Based on the abovementioned literature on human–human and human–robot interactions, we hypothesized that: (H1) The robot’s feedback would improve performance, and more so in case of negative feedback; (H2) The robot’s feedback would increase subjective trust, and more so in case of positive feedback; (H3) The human-likeness of the robot’s behavior would modulate the effects of the feedback, with better performance and higher trust in the human-like condition compared to the robot-like; and (H4) Trust ratings would be positively correlated with the level of trust measured by the post-test questionnaire.

2 Methods and Materials

2.1 Participants

Forty-one participants (M/F: 15/25; age: 26 ± 7) took part in the study. Participants were recruited through a mailing list they previously registered in and received a monetary incentive to participate in the study. All participants had normal or corrected-to-normal vision and were not informed about the purpose of the experiment. All the participants gave their informed written consent. The experiment was conducted under the ethical standards (Declaration of Helsinki, 1964) and approved by the local Ethical Committee (Comitato Etico Regione Liguria).
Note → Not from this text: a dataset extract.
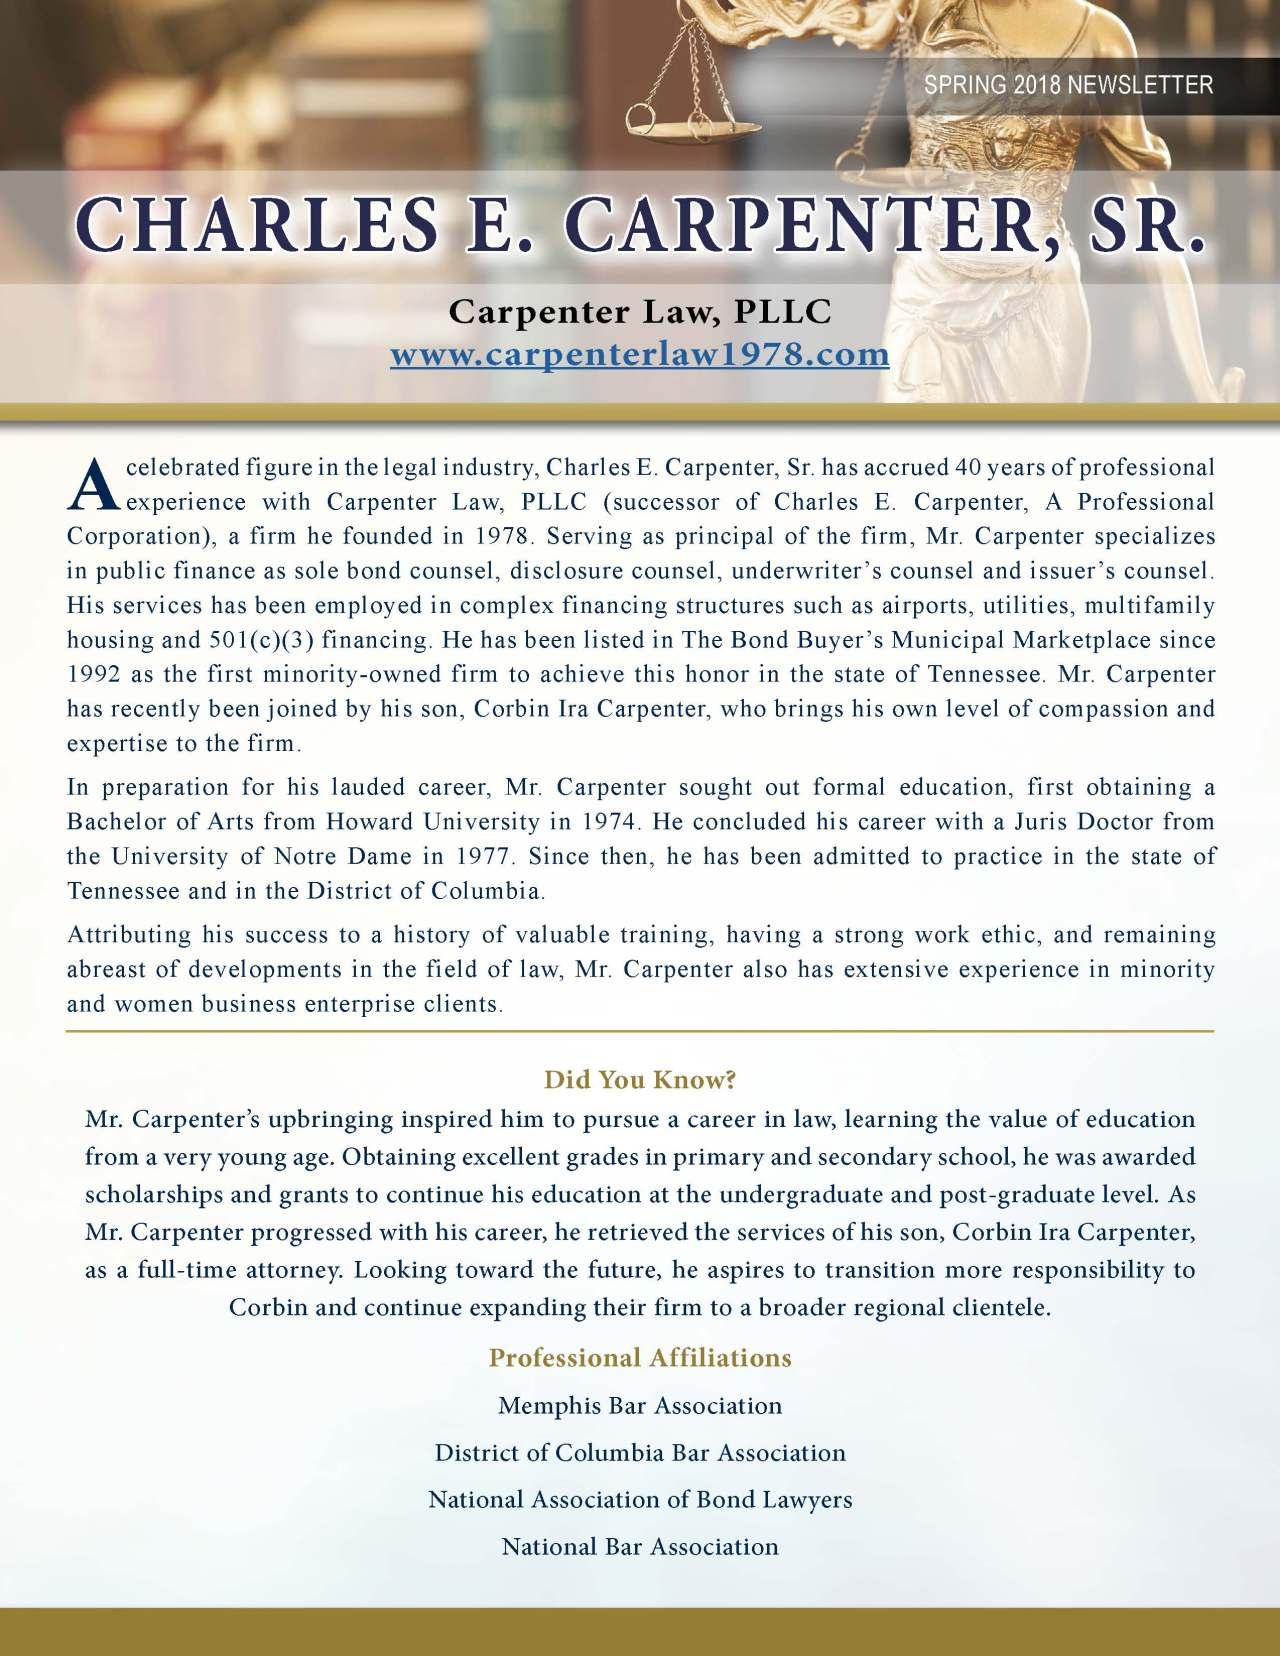 Carpenter, Charles 3718705_4003718705 Newsletter REVISED

The data of one participant have been excluded because they did not complete the experiment. Therefore, data of forty participants were included in the final analysis.

2.2 Apparatus

Participants were seated facing two 22’’ LCD monitors. The first screen displayed the virtual environment for the decision task running on a computer with an AMD Ryzen Threadripper 2950X 16-core 3.5 GHz CPU, 128 GB of RAM and a NVIDIA GeForce GTX 1060 3 GB video card. The 3D-animated virtual environment including avatars with the appearance of the iCub robot [30] was developed using Unreal Engine (Epic Games: www.unrealengine.com). An ad-hoc Python program (version 3.9.5) handled stimulus presentation and data collection. Participants responded by pressing the ‘a’ and ‘d’ keys (left and right respectively) on the QWERTY keyboard. The second monitor was used to display the trust ratings and questionnaires, which were administered through SoSci (https://www.soscisurvey.de).

2.3 Procedure

After providing consent, participants were instructed about the experiment structure (see Fig. 1A). Participants were randomly assigned to one of the two experimental groups. In one group, the behavior of the iCub avatar in the decision task was characterized by human-like movements and reactions (human-like iCub). In the other group, the iCub avatar was exhibiting the same types of behaviors but moving mechanically, in a typical robotic fashion (robot-like iCub). Moreover, in the decision task, there were 3 types of blocks distinguished by the valence of feedback that the iCub avatar provided (positive, negative, no feedback). Participants performed 9 blocks of the decision task, 3 of each type and each consisting of 20 trials. Similarly to Duan and colleagues (2020), each block was followed by a trust-rating question. A short practice of 8 trials preceded the task. At the end of the task, participants were asked to complete the Multi-Dimensional Measure of Trust (MDMT) Questionnaire [29] and then they were debriefed.Footnote 1 Participants were asked to respond as accurately as possible. Each part of the experiment is described more in detail in the following sections.

Fig. 1
figure 1

Experiment structure and snapshots of the feedback animations. A Experiment structure. The top row shows the trial structure of the decision task. The second row shows the full experimental procedure. After being assigned to either the Human-like or the Robot-like group, participants performed the decision task. After each of the 9 task blocks, participants answered the trust rating question using a slider. The text displayed in this figure is a literal translation of the question originally written in Italian during the experiment. After that, participants were asked to complete the trust questionnaire (MDMT). B Feedback. The top line shows the two positive feedback behaviors used in P blocks of the decision task. Bottom line shows the two negative feedback behaviors used in N blocks of the decision task

In summary, the experiment included two independent variable consisting in one between-subjects manipulation related to the human-likeness of the avatar behavior and one within-subject manipulation related to the valence of the feedback received by participants. Moreover, there was four dependent variables: responses times and accuracy rates collected during the Decision task, trust ratings collected after each block of the Decision task, and responses to the MDMT questionnaire collected at the end of the experiment.

2.4 Decision Task

The decision task was loosely inspired by the Shell Game [31]. In our version, the game required the presence of a game partner (here the robot) and a player (here the participant) to guess the position of a ball hidden under one of the cups. The game and the instructions were not explicitly framing the task as collaborative or competitive. In the virtual environment displayed on the monitor, the robot was facing the participant on the other side of a table on which two identical red cups and one ball were placed. As in typical cups and ball games, the cups shuffle to hide the ball position then the player had to guess under which of the two cups the ball was hidden.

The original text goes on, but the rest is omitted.